Больше всего нас привлекали сохранившиеся до наших дней старинные, деревянные постройки. Уля в буквальном смысле их коллекционировала. Я постараюсь восстановить их в памяти.
Дом, где жил Молчун, находился здесь:
Молчун был толстым, круглым, как шар, человечком. На лице и голове его не было ни следа волос, отчего сходство с шаром только усиливалось.
Не знаю, был ли он немым, но за весь вечер он не проронил ни слова. С невозмутимым видом Молчун проводил нас на кухню. На накрытом богатой скатертью столе стоял огромный пузатый самовар, который топился дровами. Молчун угостил нас чаем. Сам он пил чай из широкого блюдца, громко хлюпая и отдуваясь. После каждого глотка он обливался потом и вытирал лицо платком.
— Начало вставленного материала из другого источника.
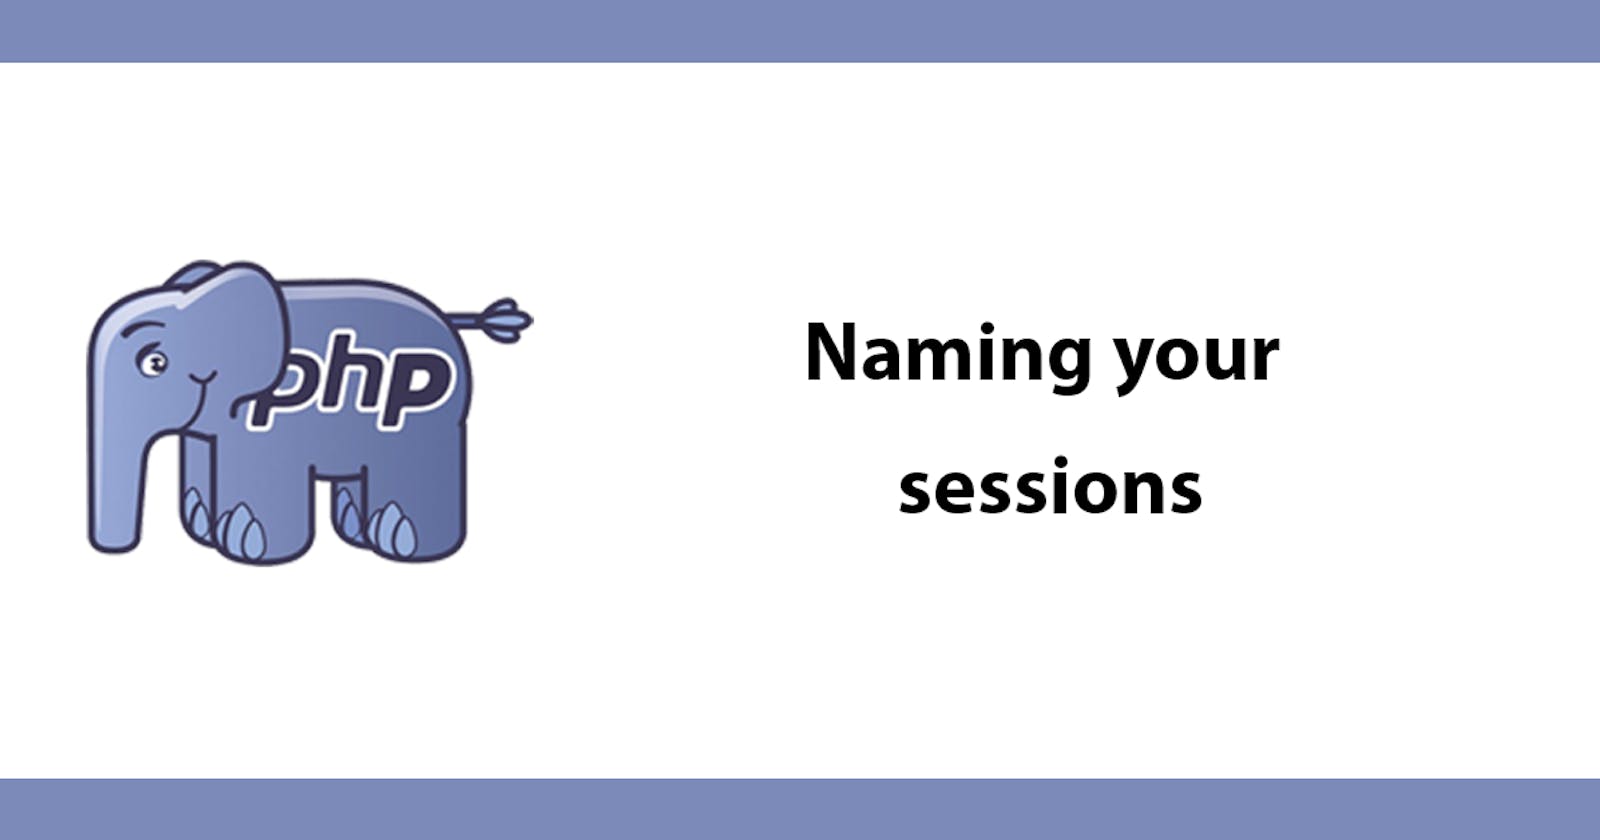 Naming your sessions

Признаться, всё это было крайне необычно и занимательно, но через некоторое время я начал чувствовать неловкость. Уля же – ничего: улыбалась и периодически гладила Молчуна по голове.
– Бедняга, старый мой дружок, ты всё также не выходишь на улицу. Посмотри, какой у тебя нездоровый цвет лица, – ласково сказала Уля Молчуну.
Мне она шёпотом добавила:
– В последний раз, когда он выходил на улицу, Москва была ещё провинцией.
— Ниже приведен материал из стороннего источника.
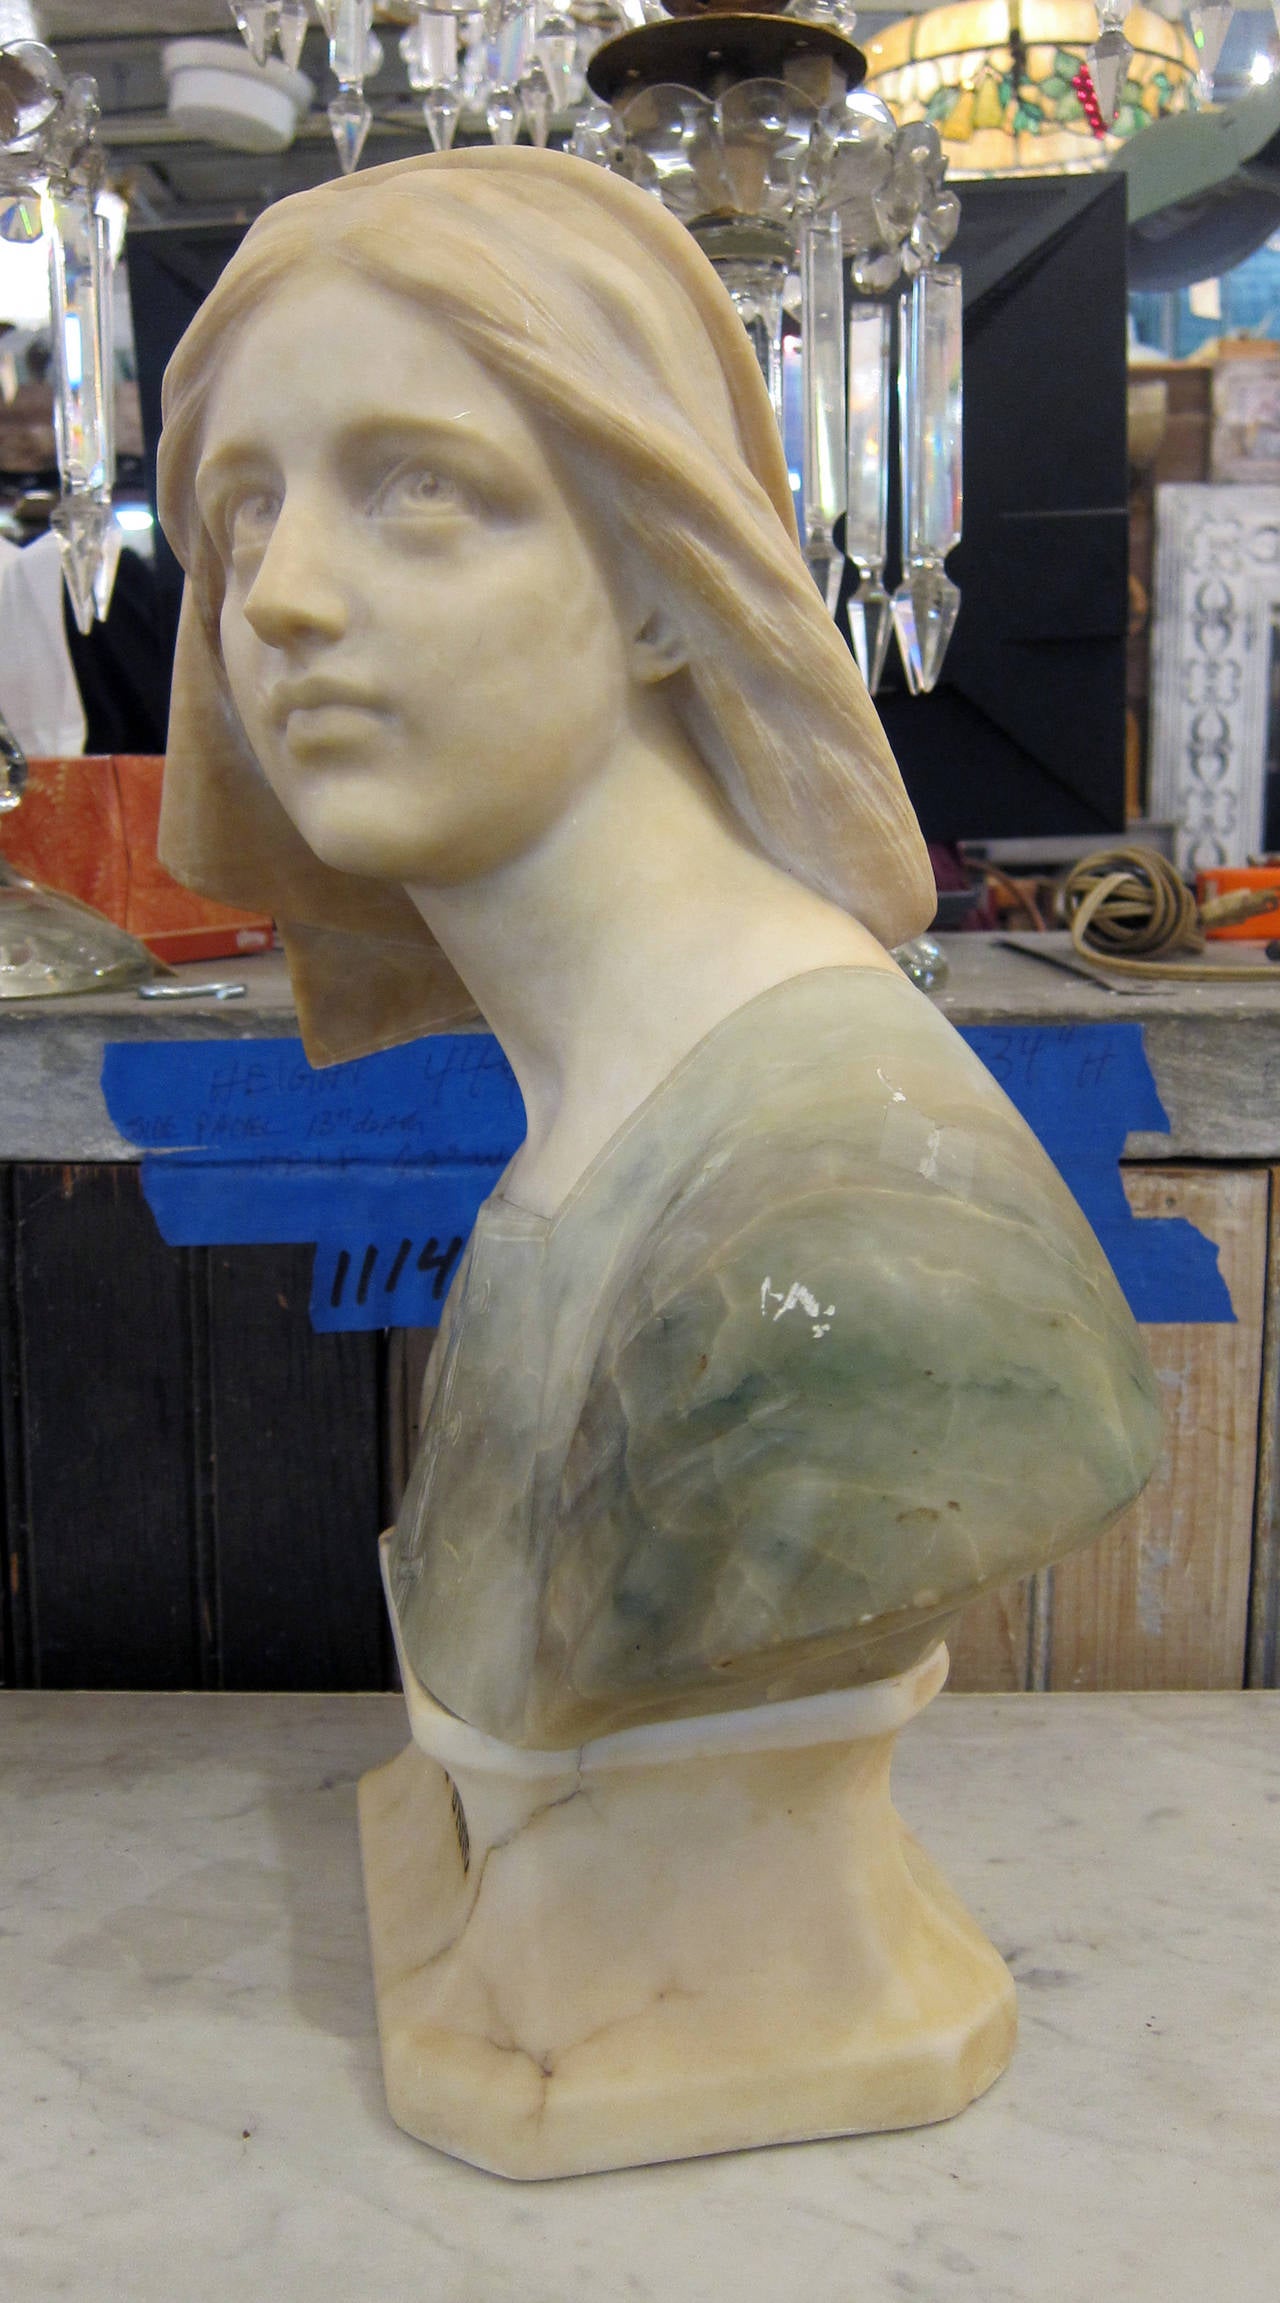 Light blue alabaster and white marble make up this bust of Joan of Arc. Carved on the bust is

– Подожди, подожди, но это же было в 1918 году, разве нет? – уставился я на Улю.
– Ну да, – она посмотрела на меня так, как будто я сморозил какую-то глупость, и продолжила гладить Молчуна по его гладкой, как помидор, голове.
Я же сидел, разинув рот. Хотя, честно говоря, к чему-то подобному я был готов. С первого дня знакомства с Улей, я поклялся себе не удивляться и принимать все странные и необъяснимые события как должное.
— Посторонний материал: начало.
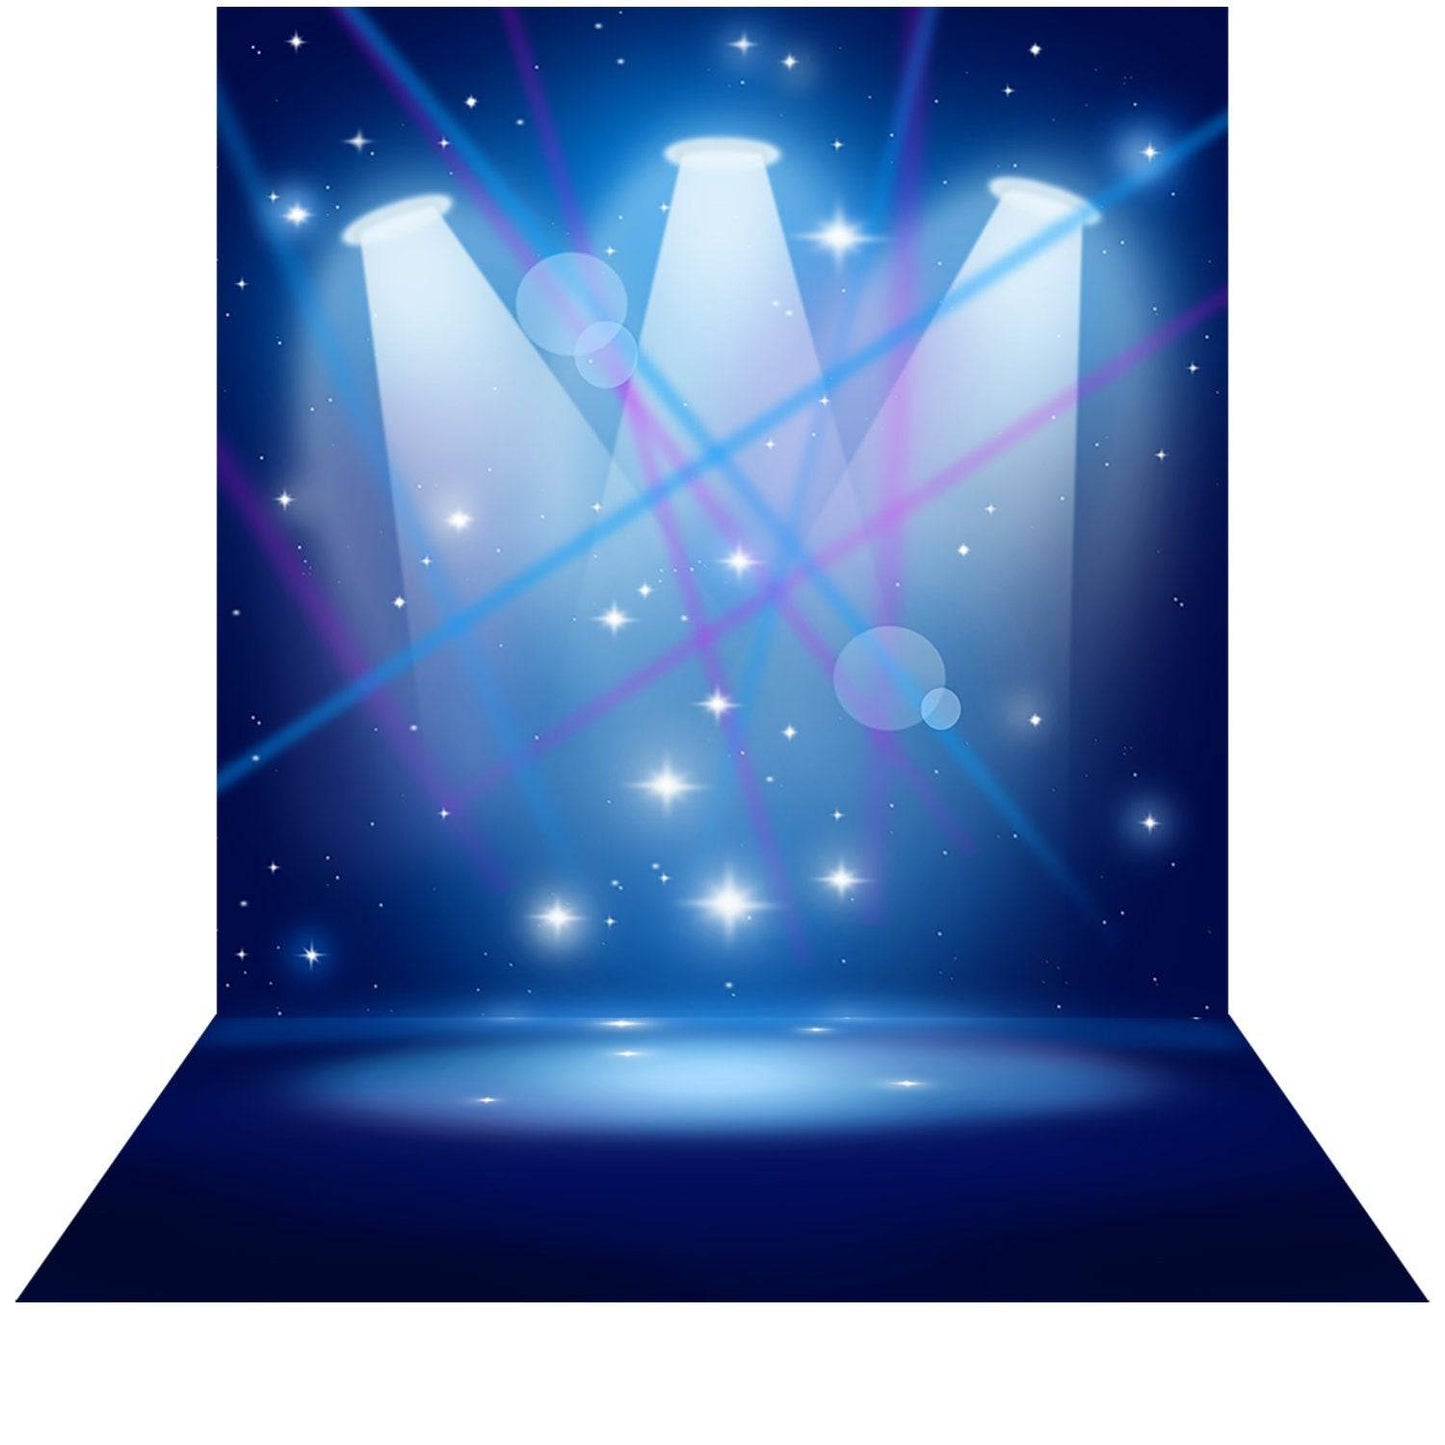 Stage Backdrop, Musical, Play, Competition, School, Recital, Children's Backdrop, Photo Backdrop, Photo Booth - Pro 9 x 16

– Молчун, дорогой, ты же не показал гостю твой дом. Давай, не ленись, проведи нам небольшую экскурсию.
В доме было нескончаемое количество комнат, пустых или наоборот заполненных разным хламом. Мы проходили через огромные светлые залы и библиотеки.
Находились мы в это время всё в том же небольшом двухэтажном доме. Но я молчал. Я ведь обещал не удивляться, помните?
– Сколько здесь комнат? 150?
– 147, если быть точным. И каждой Молчун пользуется, – с гордостью в голосе сказала Уля, – кроме обязательных комнат, а это – она начала сгибать пальцы – приёмная, столовая, детская, диванная, кабинет и будуар, здесь есть чайная и кофейная, вилочная и ложечная, рюмочная и бокальная, портретная и пейзажная, вистовая и преференсная.
Уля с грустью вздохнула.
– Нравы москвичей сильно обмельчали. Раньше ни один уважающий себя москвич не стал бы жить в доме, где меньше ста комнат.
Молчуна мы покинули поздним вечером, и Уля впервые разрешила мне её проводить. Она, как всегда, уверенно вела меня малоприметными улочками, и вскоре я с удивлением обнаружил, что мы вышли на Гусятников переулок. Около дома №7 она остановилась.
– Спасибо, – мило улыбнувшись, она чмокнула меня в щёку.
– Ты что, здесь живёшь? – спросил я, с ужасом оглядев заколоченные грубыми досками окна.
Уля неожиданно серьёзно посмотрела на меня и сказала:
– Обещай, что никогда больше не будешь спрашивать, где и как я живу.
Тут нервы не выдержали и у меня.
– Да что за чертовщина здесь творится, объясни? Что происходит?
Уля смягчилась и дотронулась до моего лица.
– Помнишь, ты обещал, что не будешь удивляться и ни о чём спрашивать? Это твои собственные слова.
Она прижалась ко мне.
– И ещё одно ты должен пообещать мне. Никогда не заходи в этот дом. Пообещай мне!
Она посмотрела мне в глаза. Я молчал.
– Поклянись прямо сейчас, ну же!
– Клянусь, – пробурчал я себе под нос.
– Вот так хорошо, – она ещё раз поцеловала меня и ушла в направлении дома.
«Ничего хорошего, – думал я по пути домой, – она точно не от мира сего, и я тоже постепенно превращаюсь в психа».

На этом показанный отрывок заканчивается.